**REQUIREMENT:** Please give every line below again exactly, but not its pictures.

═════ SUPPLIED DATA

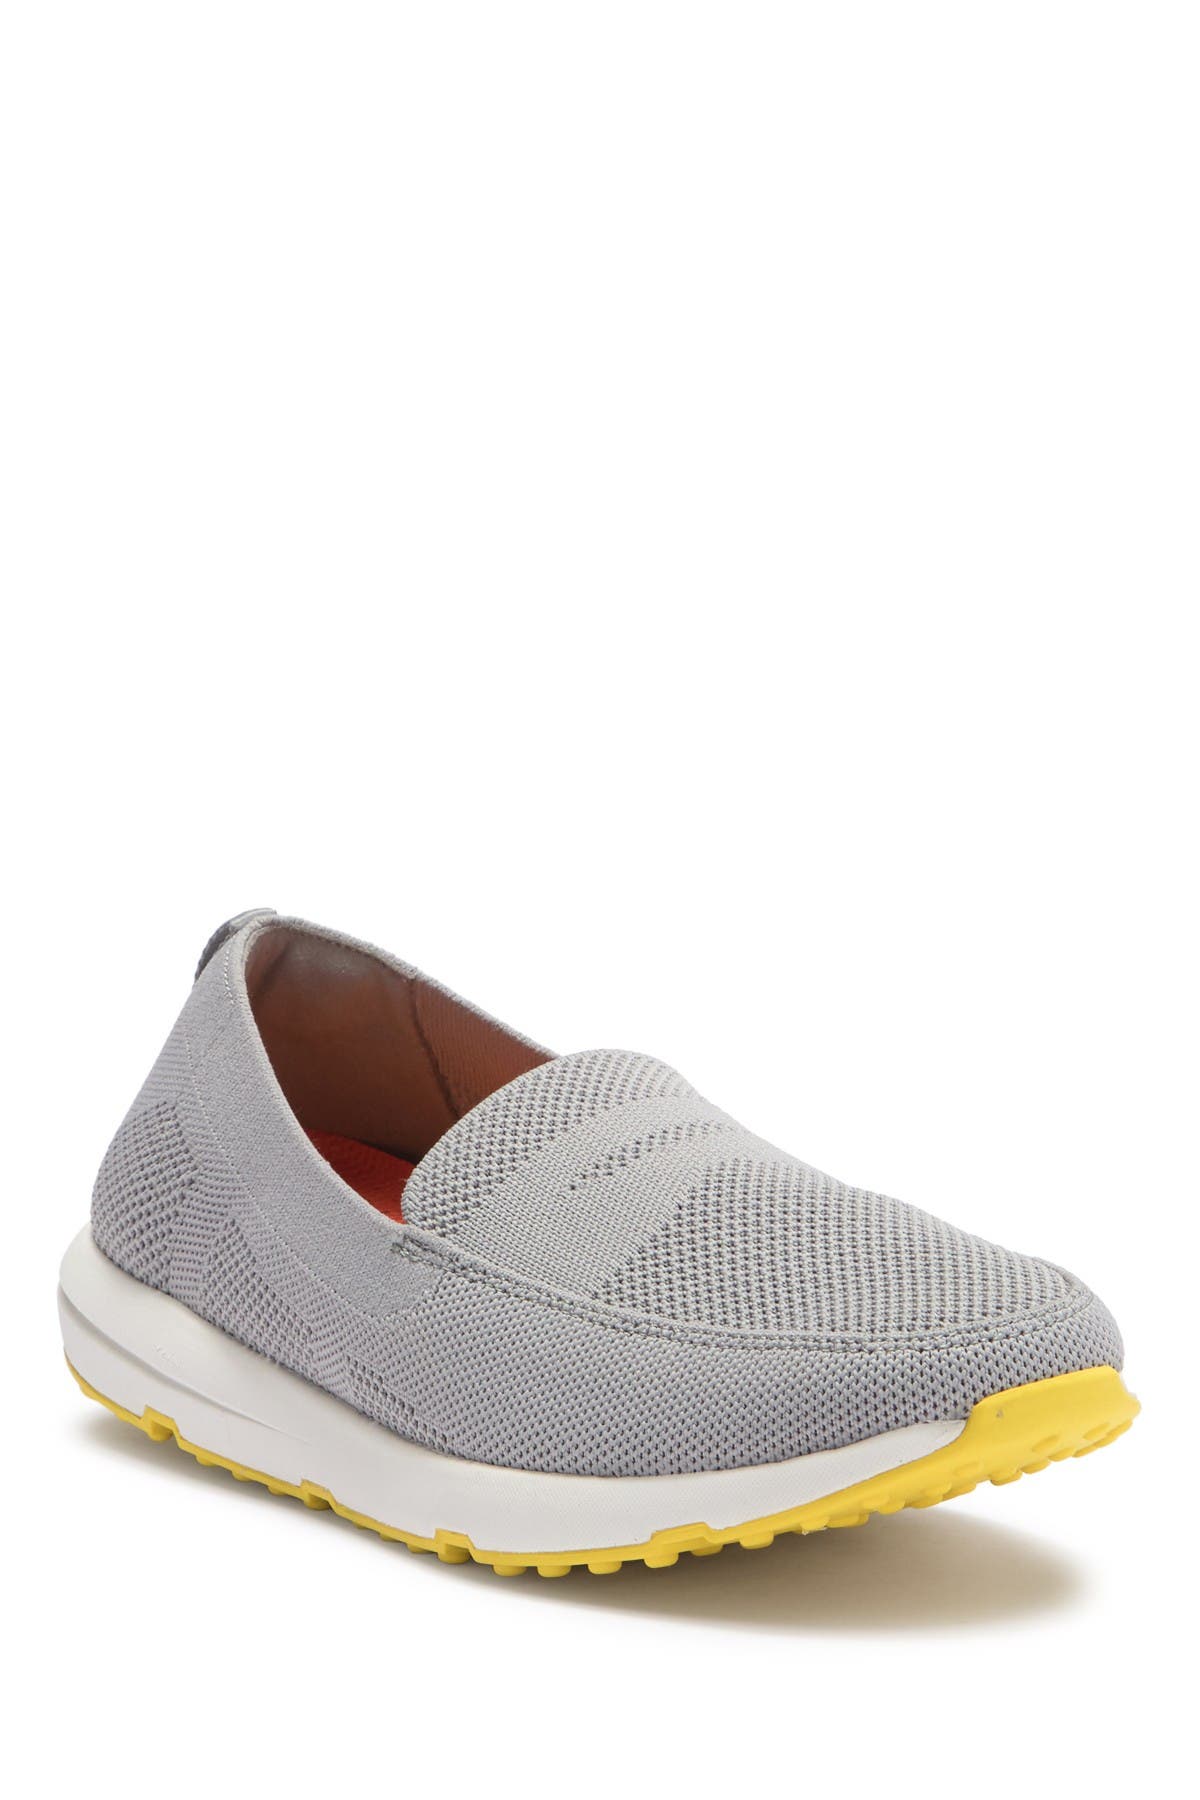 Swims | Breeze Leap Knit Penny Loafer 
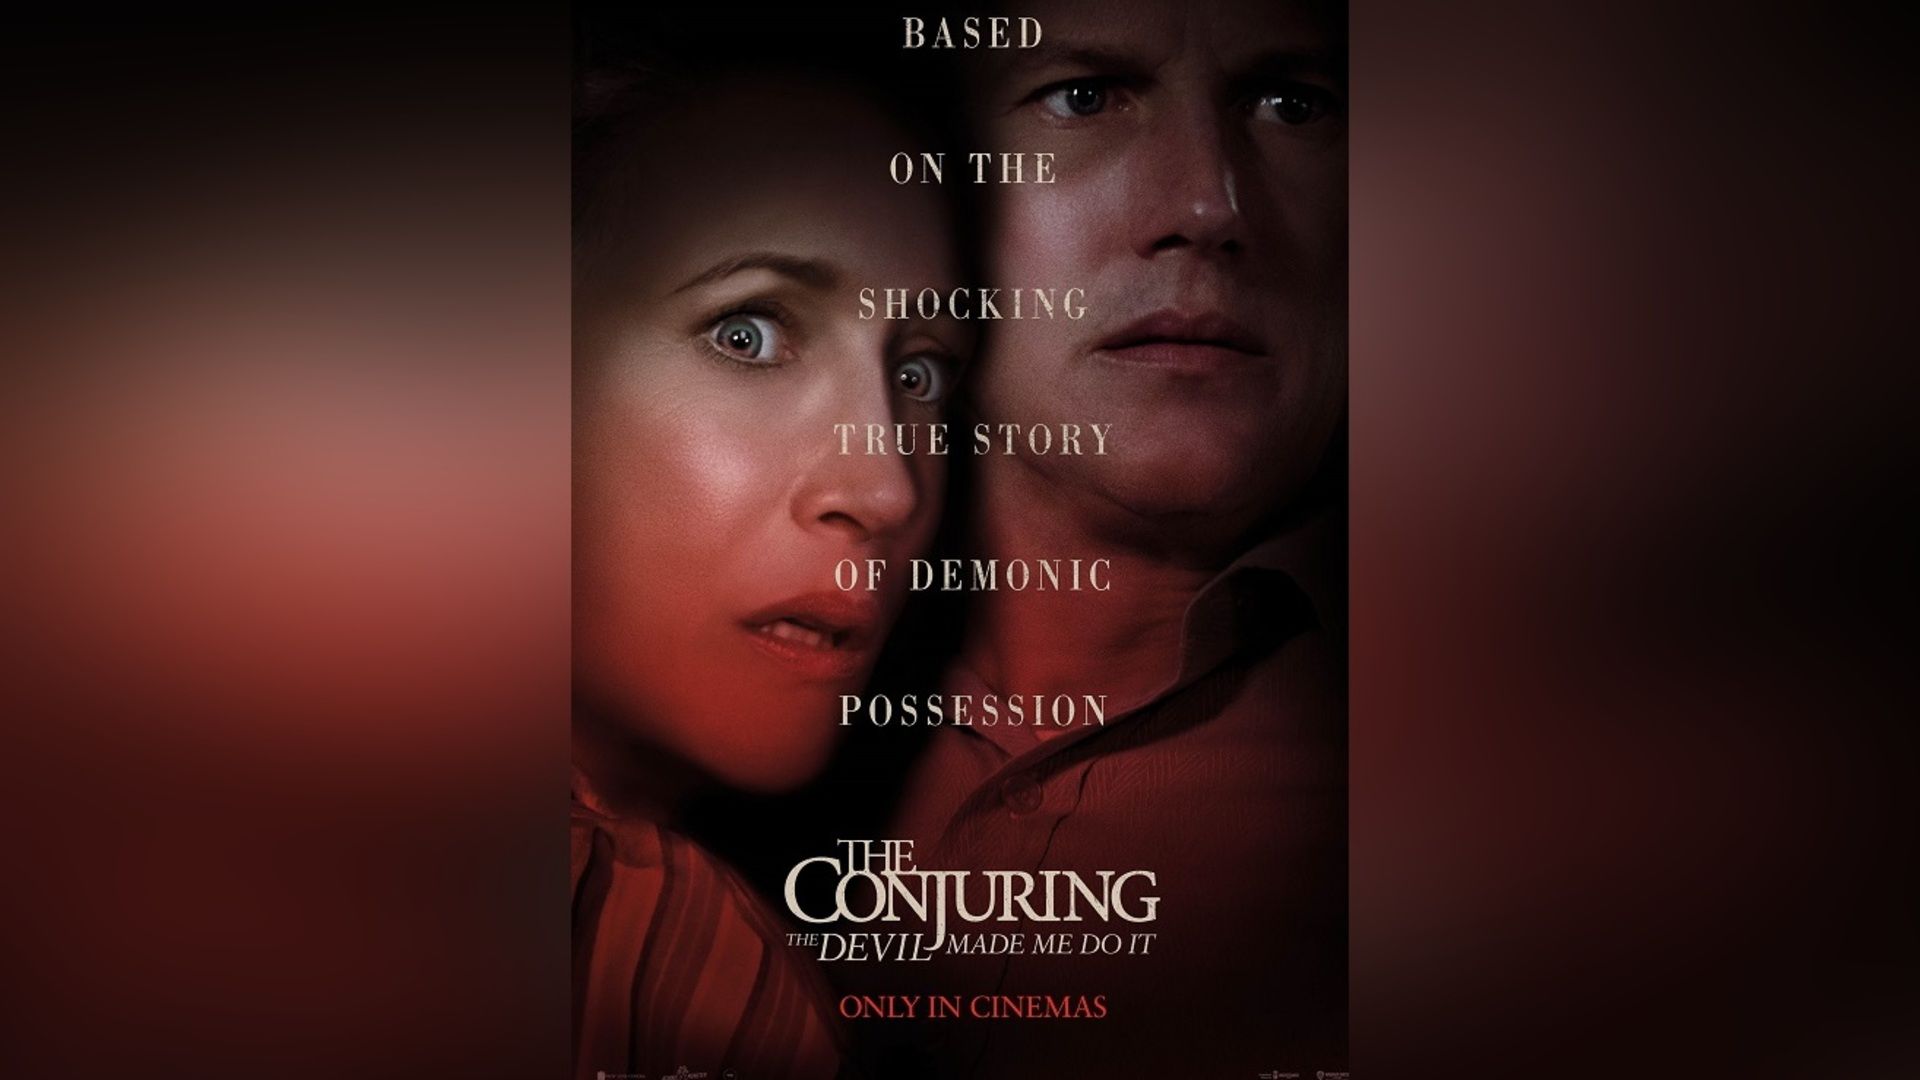 The Conjuring: The Devil Made Me Do It Review: The Third Film May be a Little Weak, But it's Better Than Some Other Conjuring Universe Films
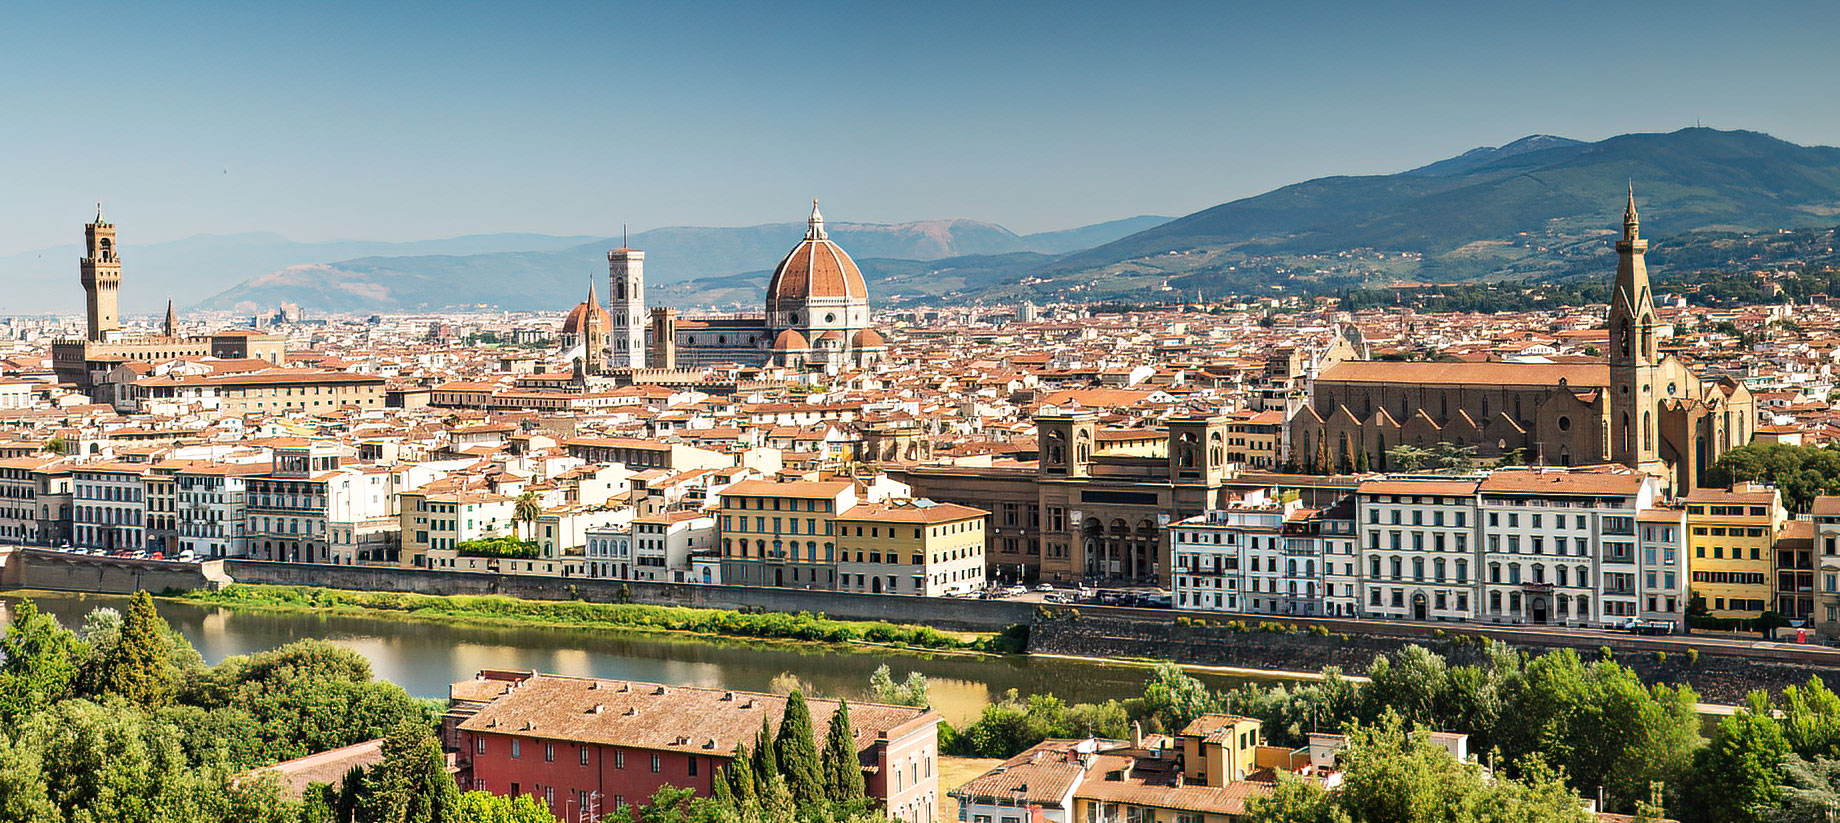 Panoramic View of Florence, Tuscany, Italy Across the Arno River

══════════

**RESPONSE:**
 Swims | Breeze Leap Knit Penny Loafer 
 The Conjuring: The Devil Made Me Do It Review: The Third Film May be a Little Weak, But it's Better Than Some Other Conjuring Universe Films
 Panoramic View of Florence, Tuscany, Italy Across the Arno River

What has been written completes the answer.